Но только на долю секунды. Хотя на его лице и отражалось открытое, вытеснившее все иные чувства блаженство, какое спонтанно всегда хочется разделить или, по крайней мере, отметить понимающей улыбкой, это был человек, который семнадцать лет назад застрелил мою жену и моих двух маленьких детей.
Нет, эти воспоминания я положительно не был готов ворошить. Наблюдающий меня видел, как я сидел, тупо покачиваясь, на кровати, небрежно заброшенной тяжелым покрывалом с желтыми цветами на синем фоне, и главным моим занятием в эти минуты было не дать проявиться картине, сотни раз прокрученной через сознание — и через подсознание, в тысячах кошмарных снов. Из этого липкого оцепенения меня вырвал телефонный звонок.
Как раньше люди жили без мобильных телефонов? Тебя можно было локализовать, как только ты говорил «Алло!» — сразу становилось ясно, в какой ты стране, в каком городе, в какой гостинице или конторе. А так, поскольку у моего мобильного номер, естественно, нью-йоркский, Джессика — это моя теперешняя жена — думает, что я говорю с ней из Рима, Лондона или Вены, хотя я в это время могу находиться в Алжире, в Москве или в Израиле. Так и сейчас — кто бы мог предположить, что я, будучи в Париже, сижу в номере задрипанного отеля за 50 евро?
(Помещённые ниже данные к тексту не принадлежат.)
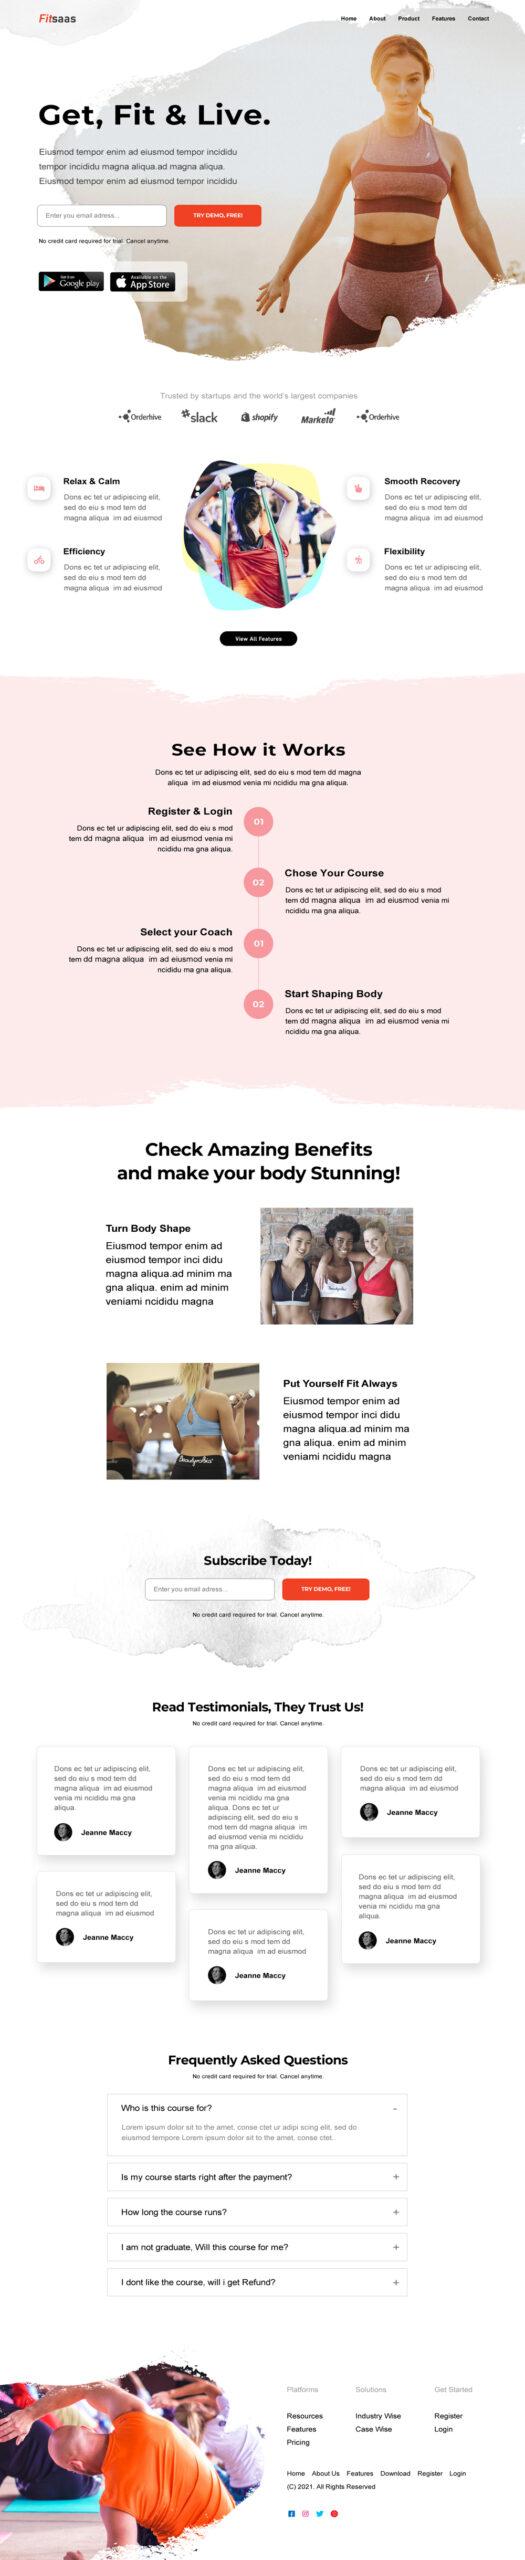 Health Saas Landing Page

На самом деле у меня два мобильных. Один — тот официальный, нью-йоркский — звонит ре-минорной токкатой Баха. Ну, все ее прекрасно знают — так через Иоганна-Себастьяна Господь напоминает нам о неминуемой смерти и предстоящем Страшном Суде. Второй, с французским номером, я взял по приезде.
Во Франции, в отличие, например, от Греции, где я был в прошлый приезд в Европу, вы не можете совершенно анонимно купить в любом магазине SIM-карту, вставить ее в свой — или другой, купленный для этой цели, — телефон и получить таким образом местный номер, который нужен только на время операции. Здесь, чтобы вам дали право обзавестись собственным мобильным средством связи, нужно предоставить больше документов, чем в Штатах при получении банковского кредита — включая последний счет за электричество на ваше имя. Я совершенно серьезно говорю! Поэтому для конспиративных контактов мне приходилось брать сотовый телефон на прокат. Этот телефон играет Моцарта, и его номер я сообщил только своему связнику в Париже, Николаю. По этой причине началом увертюры из «Женитьбы Фигаро» я за эти сутки насладился лишь однажды. В основном объявлялся Бах, как и сейчас.
На этот раз звонила Элис, моя ассистентка. Они теперь не любят, чтобы их называли секретаршами, хотя, по-моему, ничего уничижительного в этом нет. Но я эту условность принял и теперь всем представляю ее как свою ассистентку.
Я взглянул на часы — ровно два. В Нью-Йорке — восемь утра. Элис всегда приходит на работу в восемь, даже когда я в отъезде.
— Пако? Слышите меня?
— Э-лис! Э-лис!
— А вот, вот, сейчас хорошо слышу!
Я знаю, почему она плохо слышит. Сидит, откинувшись в офисном кресле на колесиках, руки на клавиатуре, трубку прижимает к уху плечом. Она без дела не сидит: или печатает, или гуляет по интернету, или в руке у нее бумажный стаканчик с кофе. И всё это время параллельно говорит по телефону. Надо сказать ей, чтобы купила себе гарнитуру, как у операторов телефонных станций, диспетчеров или работников справочных служб.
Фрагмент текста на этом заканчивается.